XHJUA-FM

Guanajuato, Guanajuato, Mexico; Mexico;
- Broadcast area: Guanajuato
- Frequency: (see table)
- Branding: Radio Universidad de Guanajuato

Programming
- Format: College radio

Ownership
- Owner: Universidad de Guanajuato

Technical information
- Power: 1,000 watts (AM)
- ERP: (see table)

Links
- Website: http://www.radiouniversidad.ugto.mx/

= XHJUA-FM =

Radio station of the Universidad de Guanajuato

XHJUA-FM 100.7 is a radio station in Guanajuato, Guanajuato. It is the flagship of the Radio Universidad de Guanajuato service, which is also relayed on XEUG-AM 970 in Guanajuato, XHLTO-FM 91.1 in León and XHSML-FM 91.3 in San Miguel de Allende.

==History==
The idea of creating a UGTO radio station was first floated in 1958, but XEUG-AM did not come on air until its formal inauguration on February 21, 1961, by President Adolfo López Mateos. The initial equipment was rudimentary and was used to broadcast four hours of programming a day from the university's central building.

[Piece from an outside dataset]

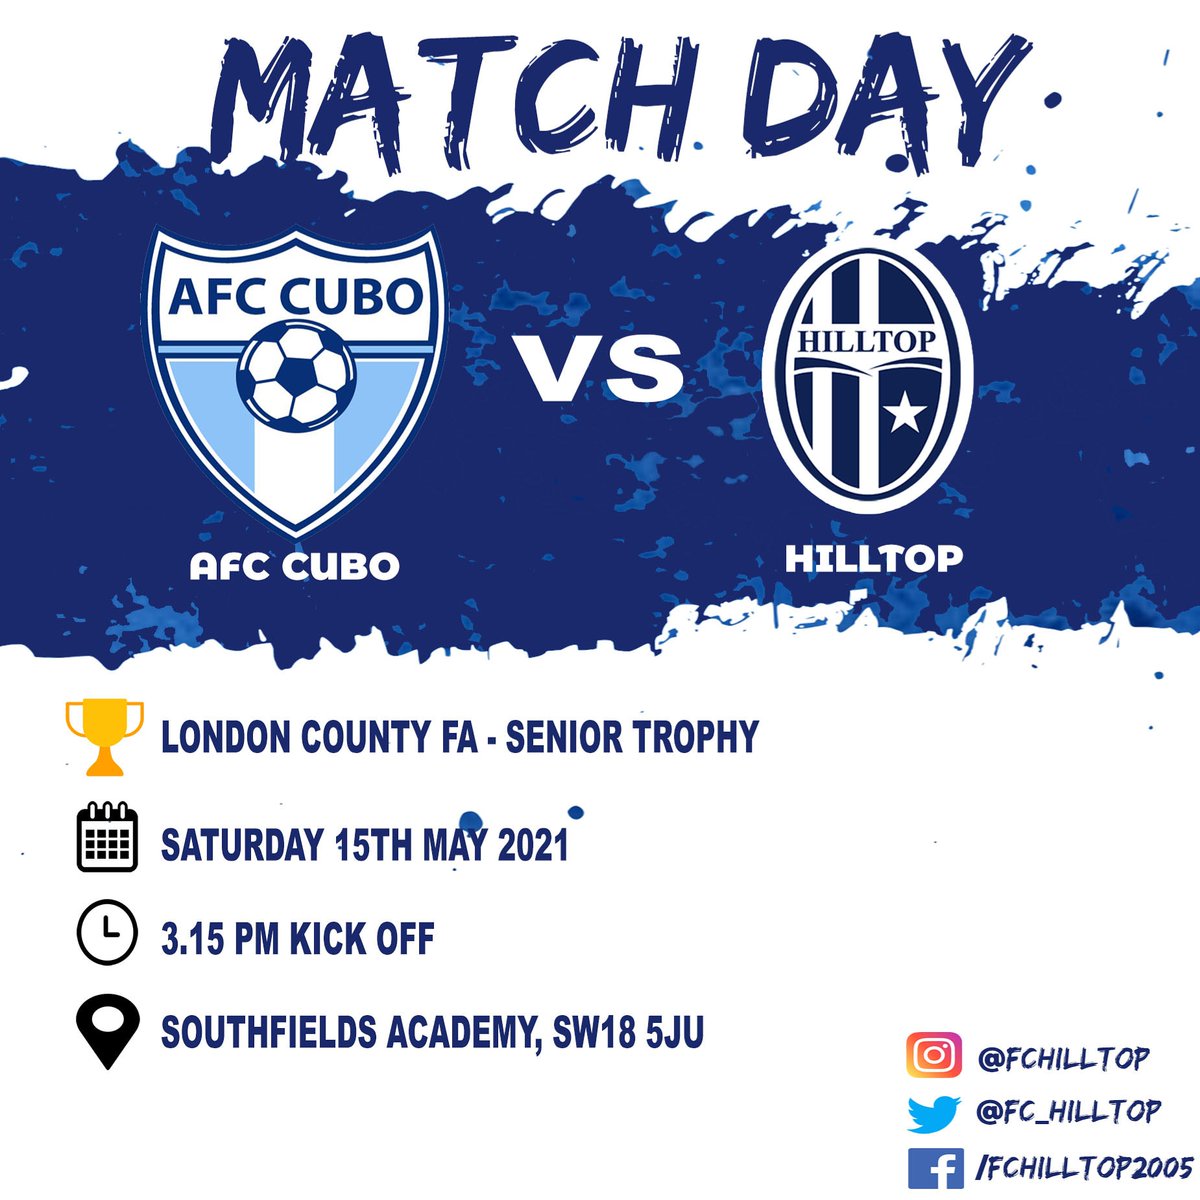 Cup Game tomorrow vs @AFCCubo in the quarter finals of the London Senior Trophy.

#hilltopway #grassrootsfootball #football #premierdivision #cupgame #londoncountyfa #seniortrophy #middlesexleague

The 1970s saw a new studio facility in 1970, new professional equipment (in 1974) and the entrance of Diego León Rábago as director. Under Rábago the station became the official broadcaster of the Festival Internacional Cervantino.

The FM radio stations were awarded to the university by the state of Guanajuato in 1999; the stations, put on air in the 1980s by the state government, had previously been part of a radio service known as "La Voz de Guanajuato". In 2006, the station began 24-hour broadcasting.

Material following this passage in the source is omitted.